Real-time one million product data synchronization, the query results in seconds

A while back, the boss arranged for a new mission, to build a business product search system, can provide users with fast, accurate search capabilities, user input when searching for content to from the business name and product name to search two dimensions, Search out the results, according to the accuracy of ordering, association and press businesses owned goods to a combination of data structures, while providing API calls to the business system.

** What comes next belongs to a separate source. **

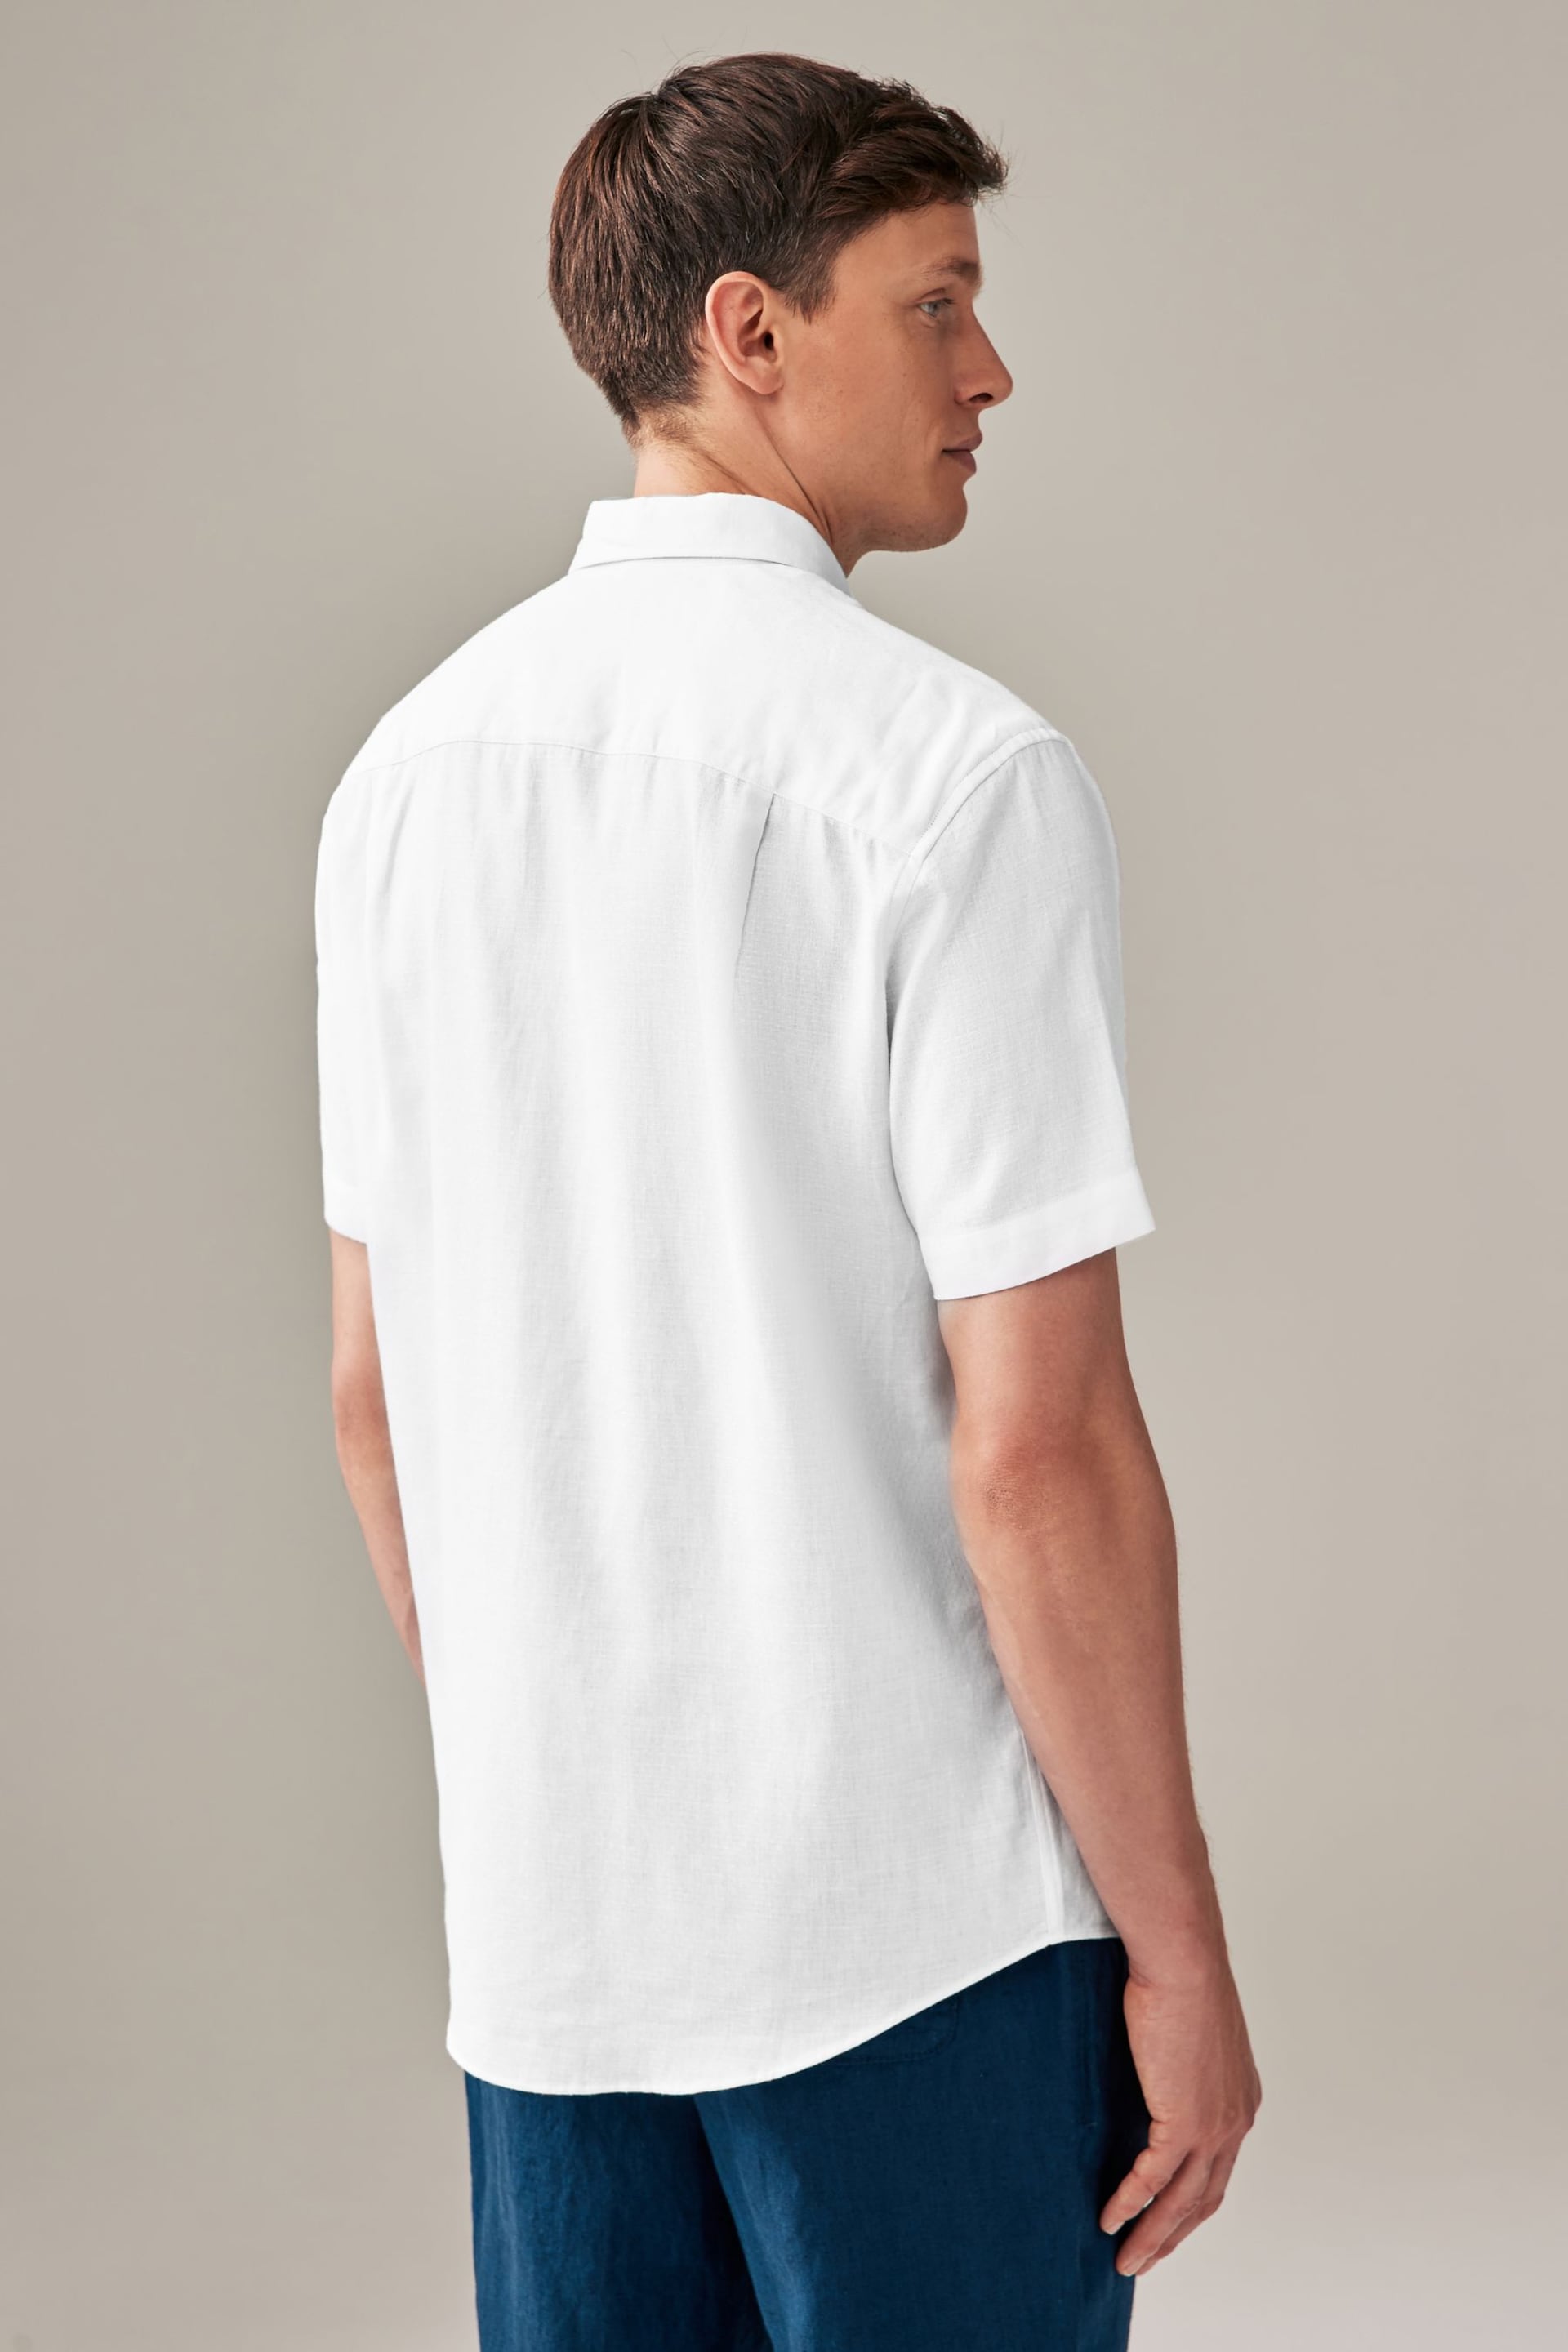 White Textured Linen Blend Shirt - Image 3 of 7

Background is very simple, the reality is quite complicated! We are faced with the following challenges:
① commodity business database and database are multiple different servers, and the data capacity of one million, how can we achieve cross-database data synchronization it?

② commodity merchants and data is affiliation, or will the spicy chicken burger McDonald's to KFC to hang, which is embarrassing!

③ commodity business data is updated frequently, such as to modify the price, inventory, up and down and so, the search service that can not be seized bunch of outdated data, if the customer obviously found out the goods, the latter point already into the frame, then customers will Tucao! How to search database CRUD source data are real-time synchronization of it?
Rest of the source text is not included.